In order to examine the selectivity of CQDs–AuNPs probe, the fluorescence response of CQDs–AuNPs to Cys, Met, Cyt, His, Trp, Arg (2.0 μM), Lys, Phe, Thr, Val, Ala, Gly, Asp, Ca2+, K+, Mg2+, lactose and glucose (20 μM) were studied according to the procedure described in Section 2.3. ΔF was calculated to assess the selectivity of probe towards Cys. As Fig. 5 displayed, most of these potential interfering substances do not cause any obvious changes in fluorescence signals. However, the presence of Cys, Met, Cyt, and His results in the fluorescence enhancement to some extent on the CQDs–AuNPs probe. The value of ΔF follows the order of Cys > Met > Cyt > His. More importantly, for Met, Cyt, and His, the recovery degree of fluorescence signal is far lower than that for Cys. These experimental results demonstrate that CQDs–AuNPs probe exhibits excellent selectivity to Cys.

Fig. 5

Fluorescence recovery (ΔF) of CQDs–AuNPs in the presence of Cys and potential interfering substances. Each substance was separately added into CQDs–AuNPs solution in the absence of Cys. From a to r, the corresponding substances are Cys, Met, Cyt, His, Trp, Arg, Lys, Phe, Thr, Val, Ala, Gly, Asp, Ca2+, K+, Mg2+, lactose and glucose.

Analysis of milk samples

To further confirm the feasibility of CQDs–AuNPs probe for Cys detection in practical applications, it was used to detect the content of Cys in milk samples. For this purpose, the standard addition method was applied. As can be seen in Table 2, the recoveries were in the range of 94.7–102.3%, and RSDs were less than 5%. The results demonstrate reliability of the probe for acceptable performance in real samples.

Analytical results for Cys monitoring in milk samples (n = 3)
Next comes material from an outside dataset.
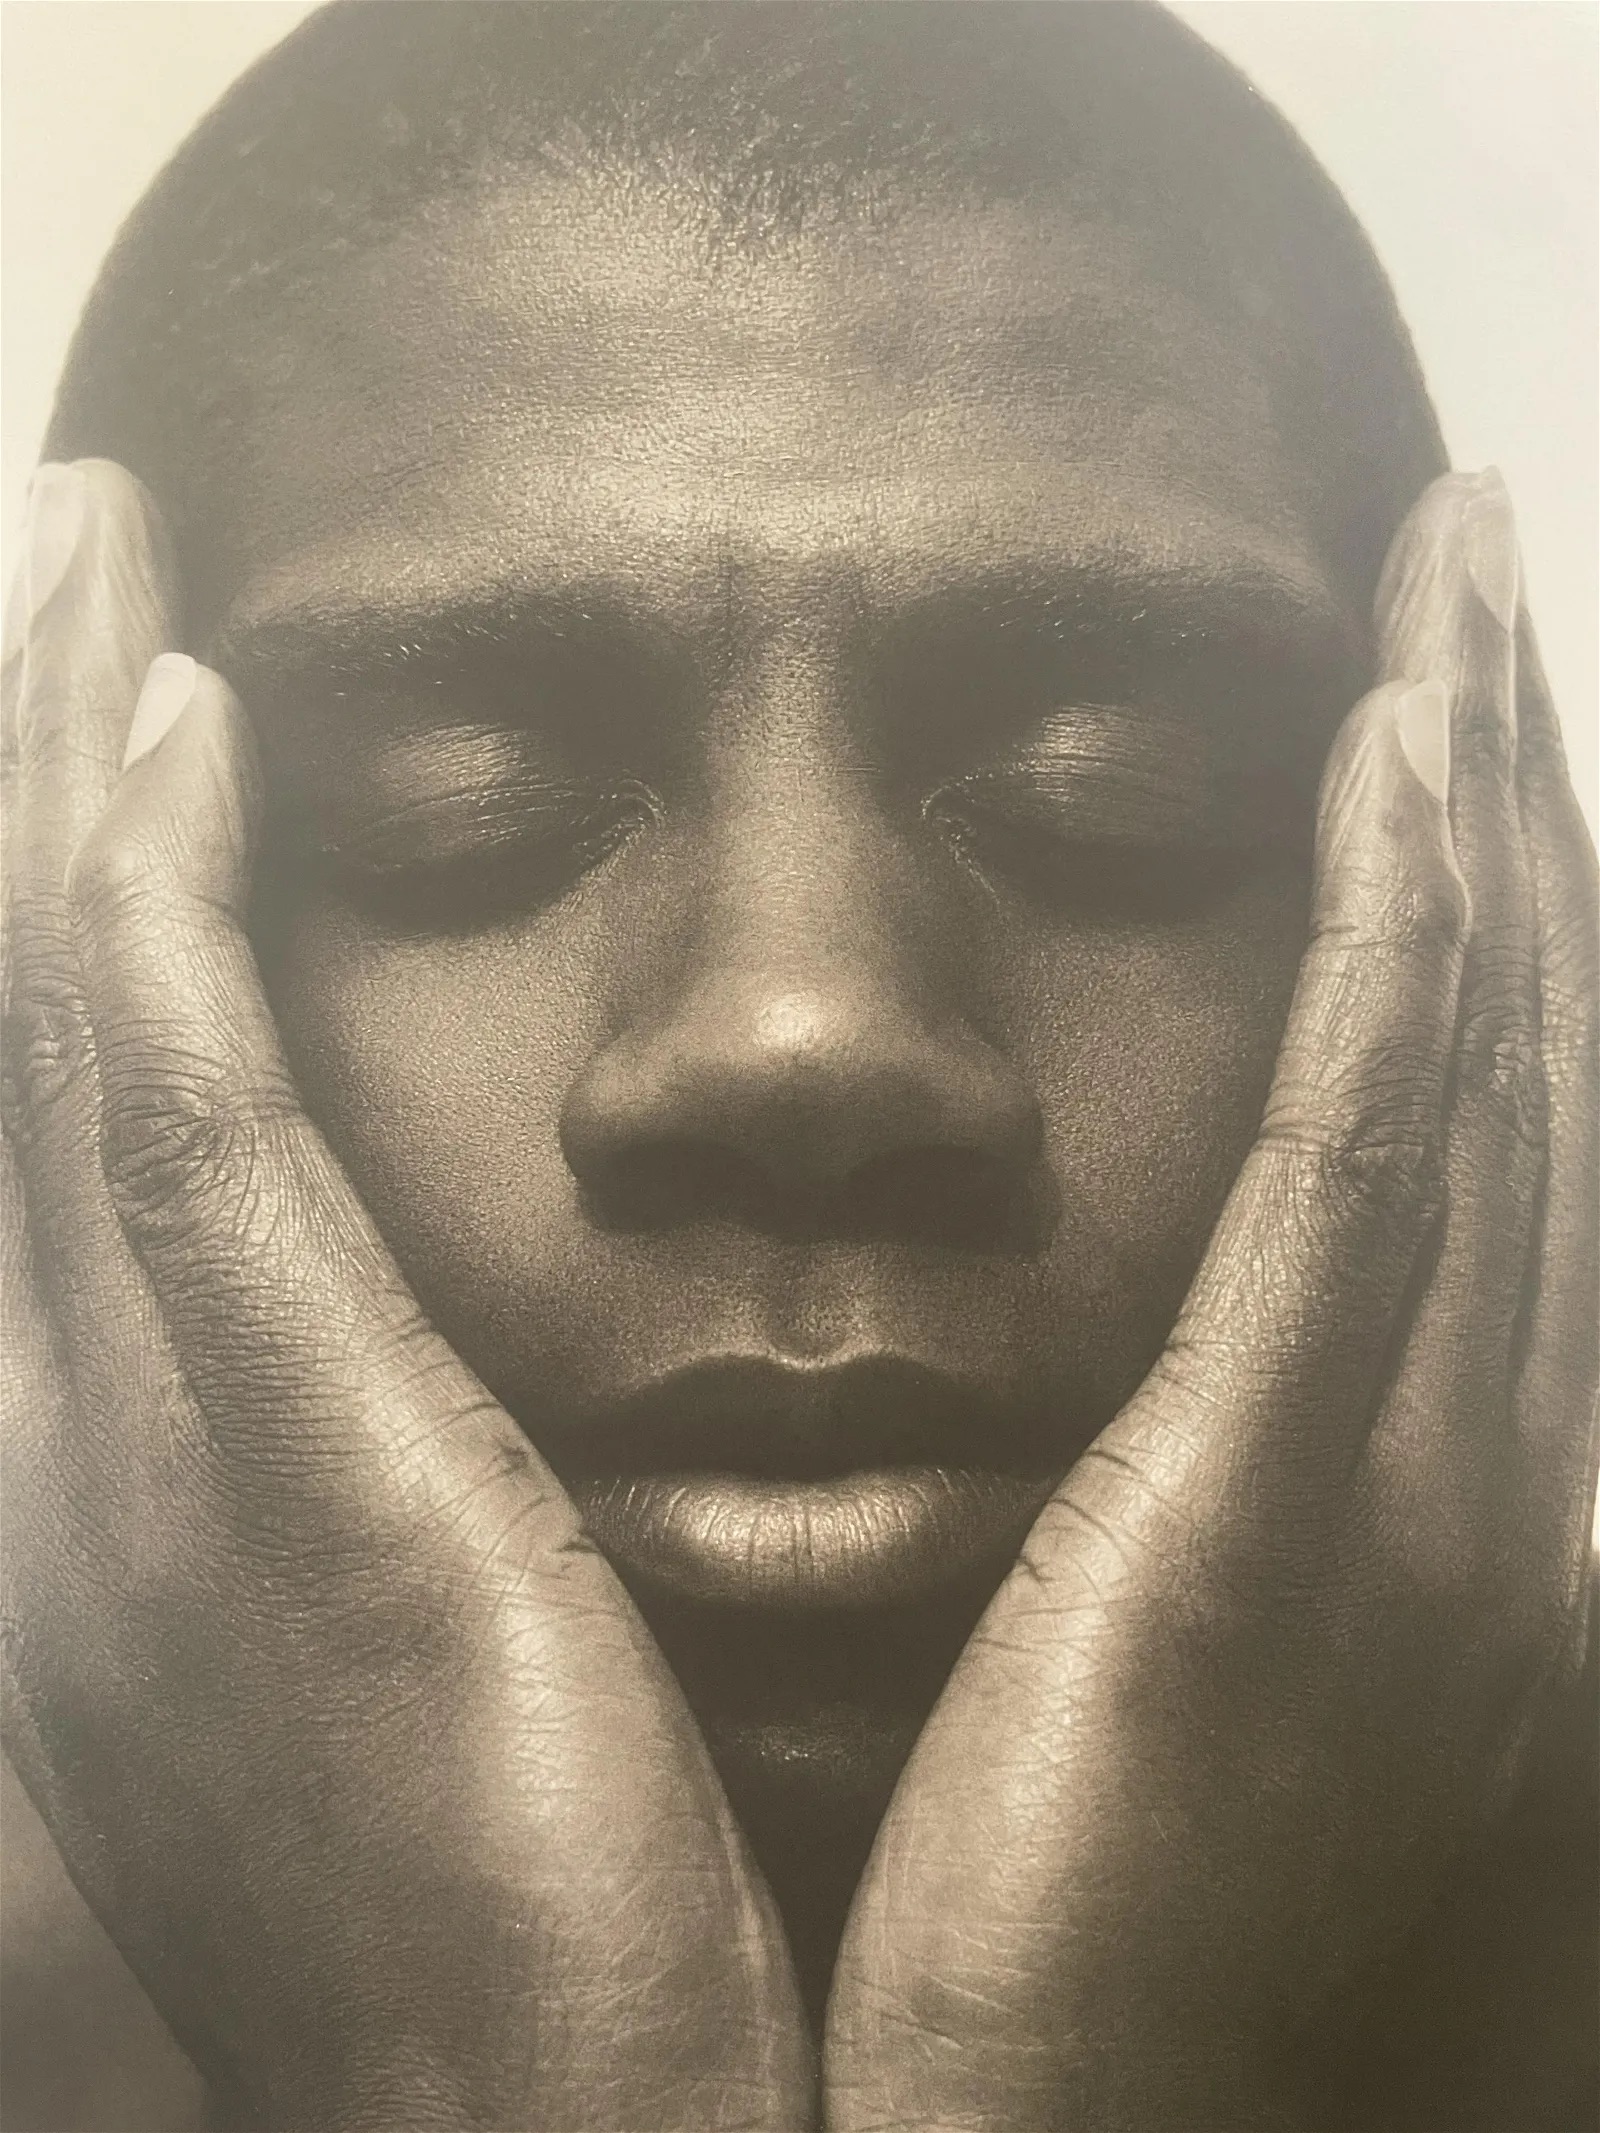 Herb Ritts "Earvin Magic Johnson, Hollywood, 1992" Print - Image 2 of 5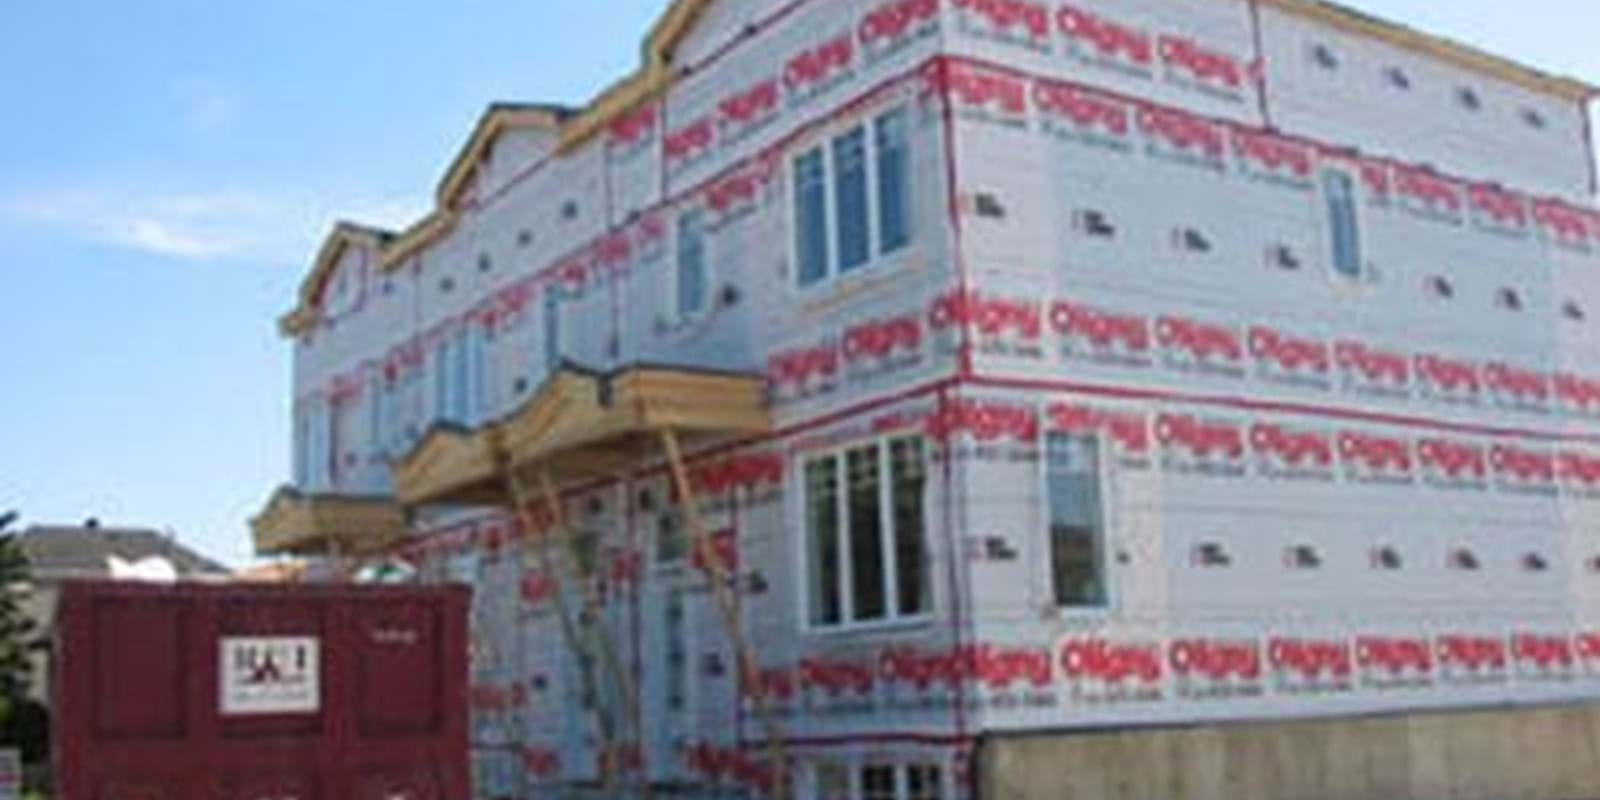 Municipalities issued $6.5 billion in building permits in September

Sample	Spiked (μM)	Found (μM)	RSD (%)	Recovery (%)	Found in original sample (μM)
1	0.00	0.81	2.5		162
	0.50	1.28	3.0	94.7
	0.80	1.58	1.8	96.1
2	0.00	0.87	3.4		174
	0.50	1.38	1.6	102.3
	0.80	1.68	3.0	102.0

Conclusions

CQDs were prepared from citric acid and urea, and it was found that the addition of AuNPs results in the fluorescence quenching of CQDs dramatically because of energy transfer. However, the further introduction of Cys could cause the aggregation of AuNPs, resulting in the fluorescence recovery of CQDs–AuNPs system. A simple and fast detection method based on CQDs–AuNPs as a fluorescent probe was developed for selective detection of Cys. The analytical performance of the proposed probe was comparable to or better than those of other reports. The advantages of the method are simplicity, low-cost, high accuracy and good precision.

Conflicts of interest

The authors declare that they have no competing interests.